G’day comrades

I am reporting that I have ended for now my experiment of one with bipolar androgen therapy (BAT). I have tried to report in detail my experiences and you will find those reports in my profile. The last report was:

healthunlocked.com/advanced...

Basically, over 3 years ago my ADT (Zolodex) failed and I started bicalutamide which failed after 12 months and then started BAT. Bat failed at 8 months and rechallenge with bicalutamide failed after 6 months. Then repeated and BAT failed at 3 months and rechallenge failed at 3 months. Tried another repeat but BAT saw a significant rise in PSA to over my self imposed limit. Rechallenge should bring it down temporarily. The repeats showed reductions in the time to failure of both BAT and antiandrogen phases and greater volatility in PSA results. I do a Ga68 PSMA scan in about a month to compare with the one I did 3 years ago which showed 2 small mets at distant lymph nodes. I will report on the new scan.

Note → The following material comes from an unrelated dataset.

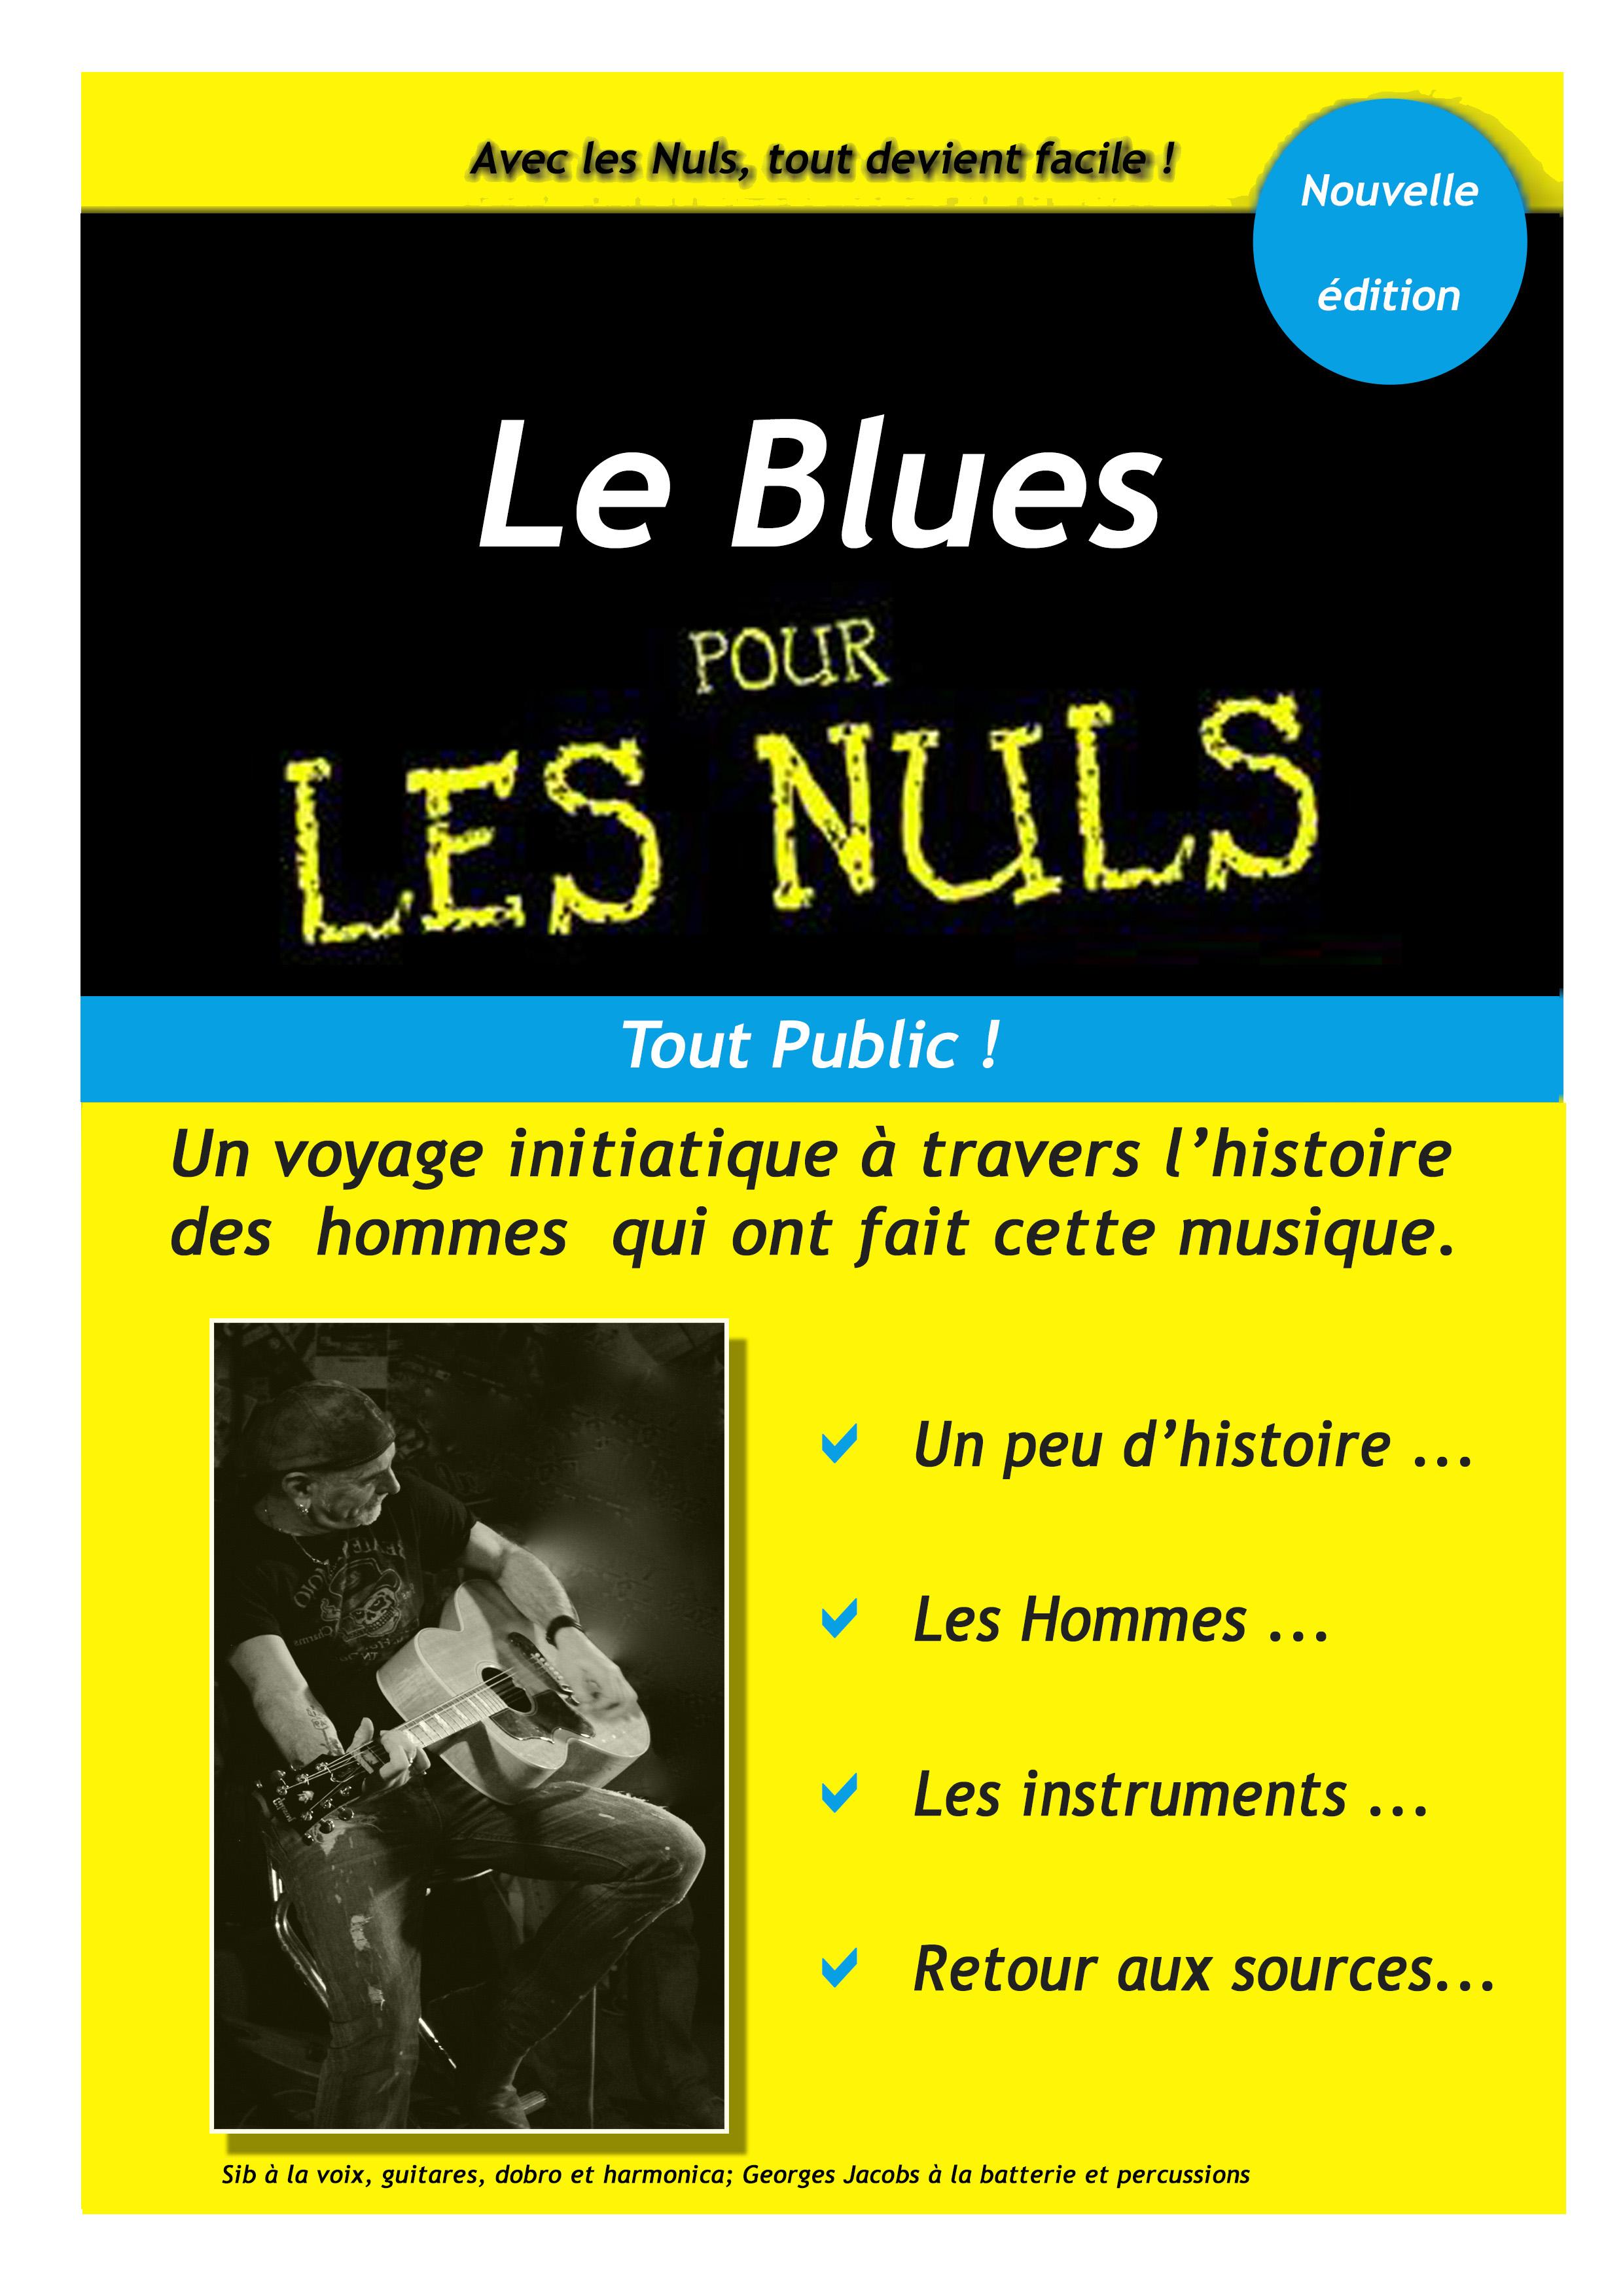 Le blues pour les nuls-1.jpg

End result: extended the usefulness of bicalutamide from 1 year to 3 years and ending at about the same PSA as I started. An OK result but at the low end of responses generally seen so far in limited trials. My next scan will tell the final story.

For those thinking about BAT I recommend the following 2 summaries of what has been learnt up to 2018.

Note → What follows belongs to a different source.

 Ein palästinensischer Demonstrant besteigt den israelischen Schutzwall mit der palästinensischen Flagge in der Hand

Bipolar Androgen Therapy: progress and future directions

Michael Schweizer

oncology.medicinematters.co...

Bat in the treatment of prostate cancer

Sam Denmeade

hematologyandoncology.net/a...

Note Shweizer’s conclusion: “enthusiasm should be tempered and providers should be discouraged from rushing to incorporate BAT into clinical practice.”

Some conclusions may be drawn.

Firstly BAT is safe but note that so far recipients have been carefully chosen. In particular, symptom free. There is a danger of pain flare if there is existing PCa pain. The evidence is mixed. Early experiments reported pain flare in some, pain alleviation in others. The Johns Hopkins (JH) trials excluded anyone with PCa pain but admitted a few with what were thought to be arthritic pain at first but had a pain flare and it was concluded they had PCa pain. Pain lasted up to a week. Some of these opted to continue with BAT and there was no pain after the 2nd shot of T. Perhaps it is a one-off phenomenon. I think men with pain or extensive bone mets should be careful. The JH trials do not show any abnormal spikes in PSA. The worst result is that PSA progression continues at the same rate as before the shot of T.

There is great variability in response. I concluded that the best, cheapest and most accurate way to find out how I responded was to just do it and be ready to bail if things go wrong. You will be back to castrate levels in a month.

Note: Never take a PSA test in the first month after the first shot of T – completely unreliable. Take the 2nd shot and do PSA a month after that. In the event of failure in the BAT phase, rechallenge with the antiandrogen. It will most likely bring down PSA.

It is not mentioned in the research but sudden supraphysiological levels of T produce a spike in estradiol (E2). It reduces as T reduces and gets to an acceptable level after a month, when T is almost castrate. The E2 effect is well known to weightlifters and body builders who use T. Because a PCa patient will always be on some form of ADT during BAT, E2 is not generally a problem. But the spike after the T shot may be. For body builders it is usually managed with Arimidex. As substitute I tried a number of over the counter aromatose inhibitors for 2-3 weeks each month but their effect on E2 was exactly zero. They were our old friends diindolymethane (DIM), indole 3 carbinol (I3C) as well as chrysin and luteolin. All taken with bioperine to assist absorption.

The JH trials show that BAT re sensitises PCa to enzalutamide (Enza) and abiraterone (Abi). My experience is that it does likewise for bicalutamide. When I become resistant to a 2nd generation antiandrogen I will certainly consider reusing BAT. By then we will know more about it.

It is important that genuinely supraphysiological levels of T are achieved. Results with physiological levels are not great. As yet there are no reliable reports on continuous supraphysiological T.

JH did a small trial of BAT alongside ADT alone, starting BAT 6 months after first starting ADT, with good results but they decided to concentrate on BAT after Enza and Abi at first.

Because one of the modes of action (there are about 8) is double strand DNA breakage/ damage, combining BAT with PARP and checkpoint inhibitors is another line of enquiry.